Рагуза {128}, достопочтенные дамы, знаменитейший город Далмации, расположен у моря, и невдалеке от него лежит островок, обычно именуемый Средним островом, на котором находится хорошо укреплённый и на славу построенный замок, а между Рагузой и названным островом из моря поднимается небольшая скала, где нет ничего, кроме маленькой церковки и примыкающей к ней крытой досками хижины. Из-за бесплодия этого места и нездорового воздуха никто там не жил, кроме монаха Теодоро, который, замаливая свои грехи, благочестиво служил в этом храме. Не имея средств для поддержания своей жизни, он порою переправлялся в Рагузу, порою на Средний остров и собирал там подаяние.

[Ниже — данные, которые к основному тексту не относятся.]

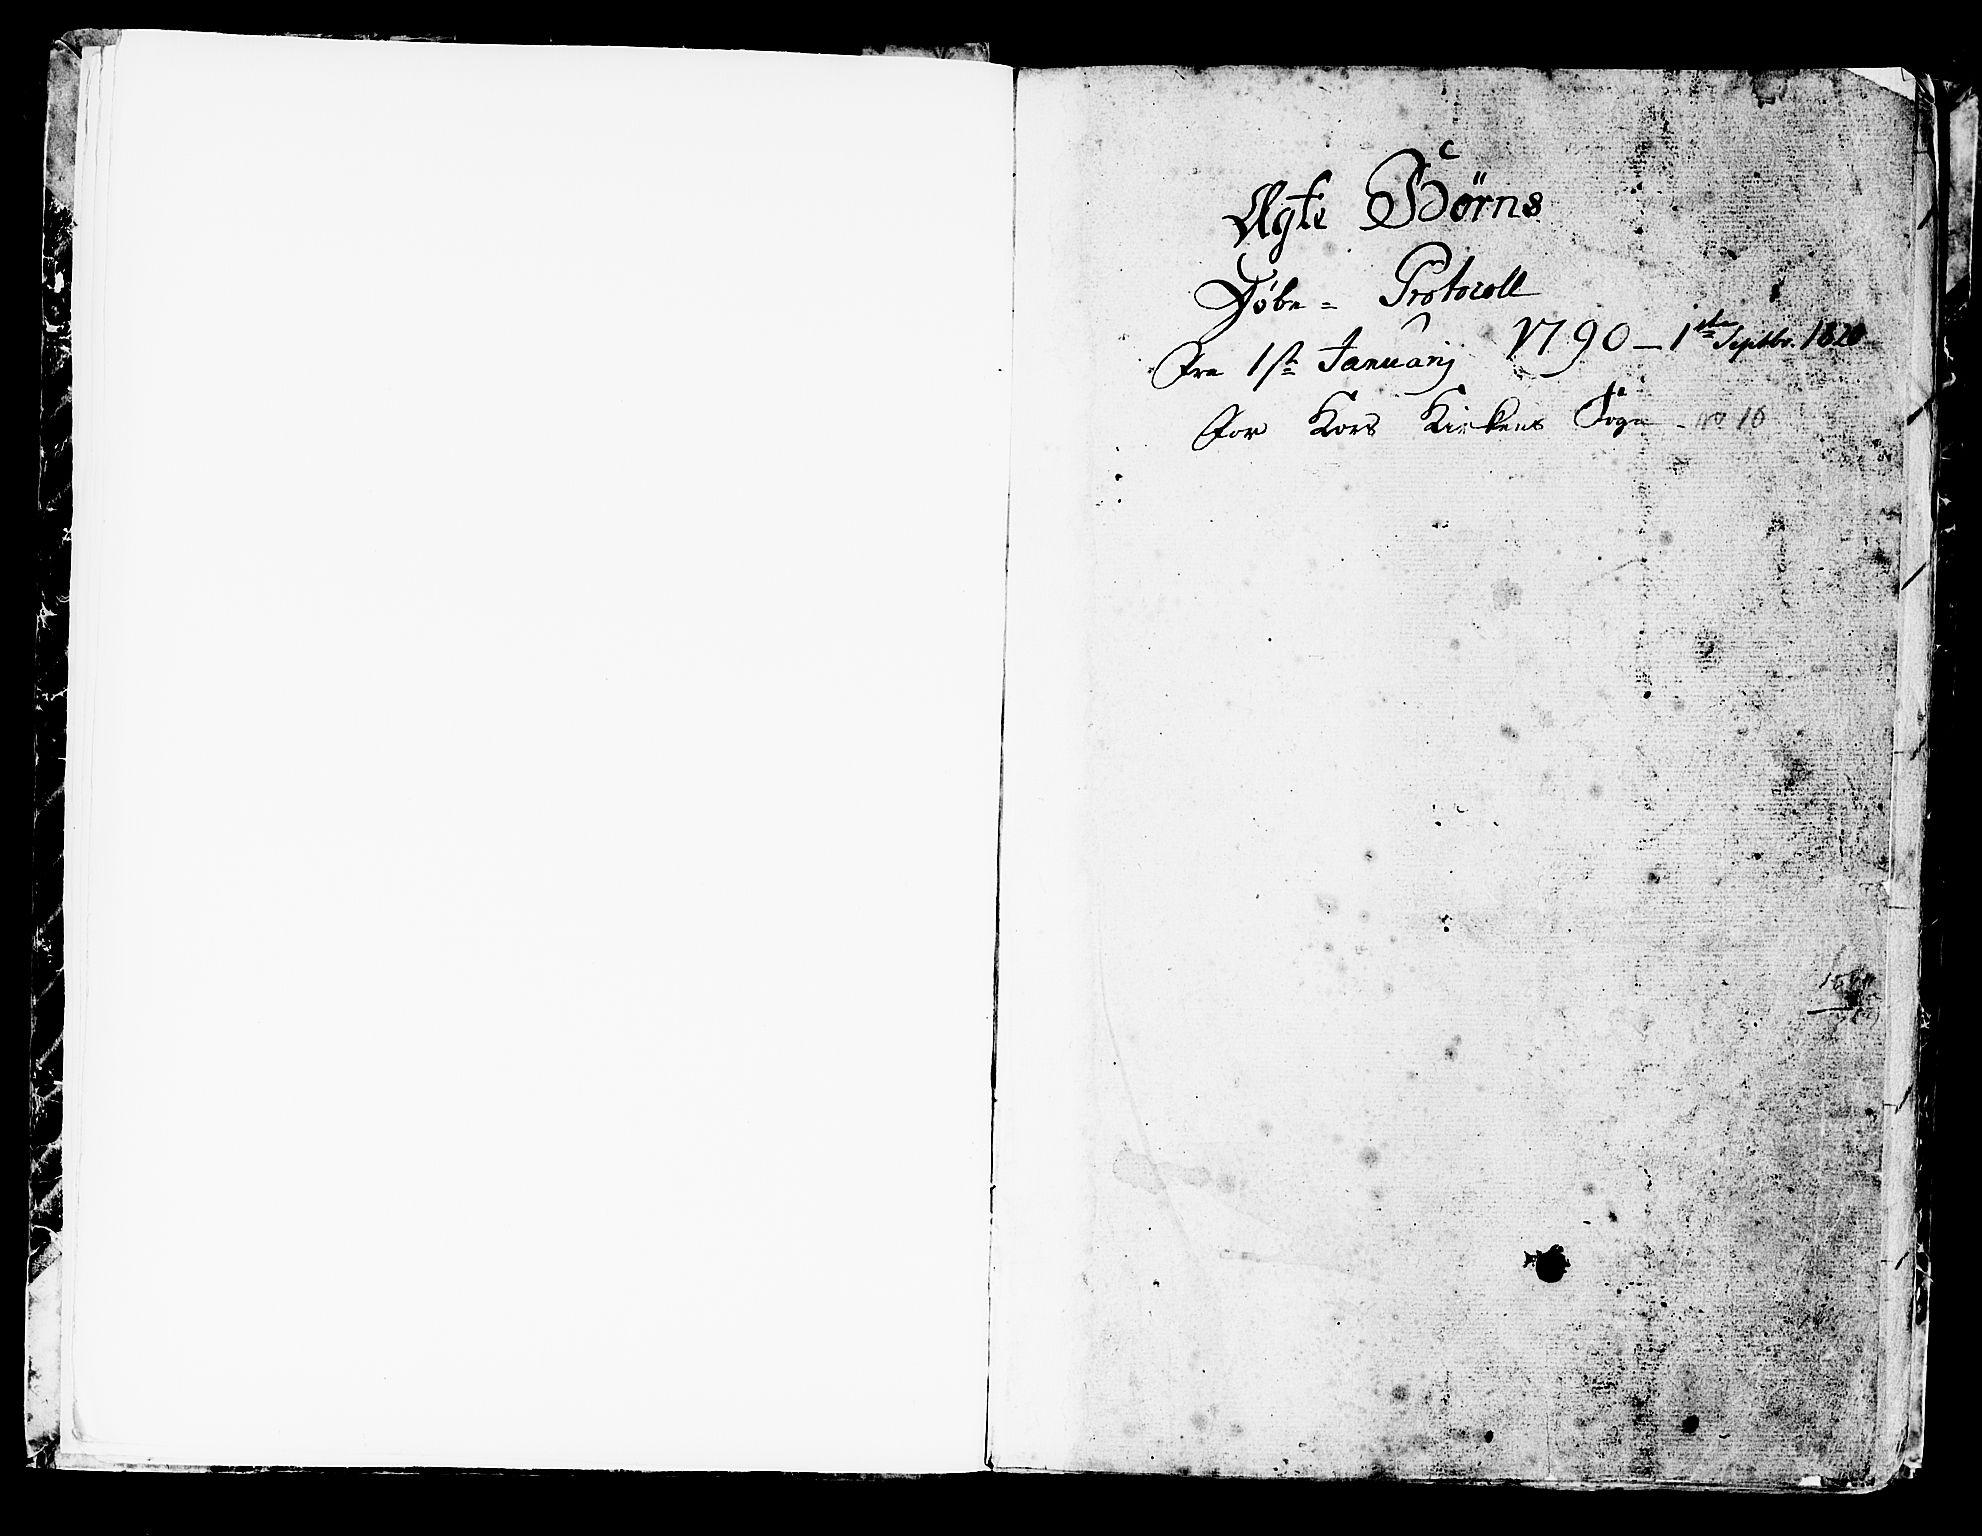 SAB, Korskirken Sokneprestembete, H/Haa/L0006: Ministerialbok nr. A 6, 1790-1820

Случилось так, что, будучи как-то на Среднем острове и, по своему обыкновению, побираясь и моля, чтобы ему подали хлеба, он обрёл нечто такое, чего никогда не помышлял обрести. Ибо с ним повстречалась прелестная и очаровательная юная девушка по имени Маргарита, которая, увидев, как он хорош собою и статен, сочла про себя, что такому мужчине больше пристало предаваться земным удовольствиям, чем томить себя в одиночестве.
По этой причине Маргарита с такой горячностью заключила его в своём сердце, что дни и ночи думала только о нём. Монах, который ещё ни о чём не догадывался, по-прежнему продолжал побираться и часто приходил в дом Маргариты и просил милостыню. Охваченная любовью к нему, она никогда не отказывала ему в подаянии, но всё ещё не решалась признаться в любви. Но любовь, которая опекает всякого, кто охотно следует её правилам, и никогда не упустит подсказать ему путь к осуществлению его заветных мечтаний, придала ей недостававшую смелость, и, обратившись к монаху, она сказала: "Брат Теодоро, единственная услада моей души, томящая меня страсть такова, что, если вы не поможете мне, вам придётся вскоре увидеть меня бездыханной. Пылая любовью к вам, я больше не в силах противиться любовному пламени. И, дабы вы не стали причиною моей смерти, поторопитесь помочь мне". Произнеся эти слова, она горячо заплакала. У монаха, который всё ещё не догадывался, что она его любит, от этого признания помрачился рассудок, как у помешанного.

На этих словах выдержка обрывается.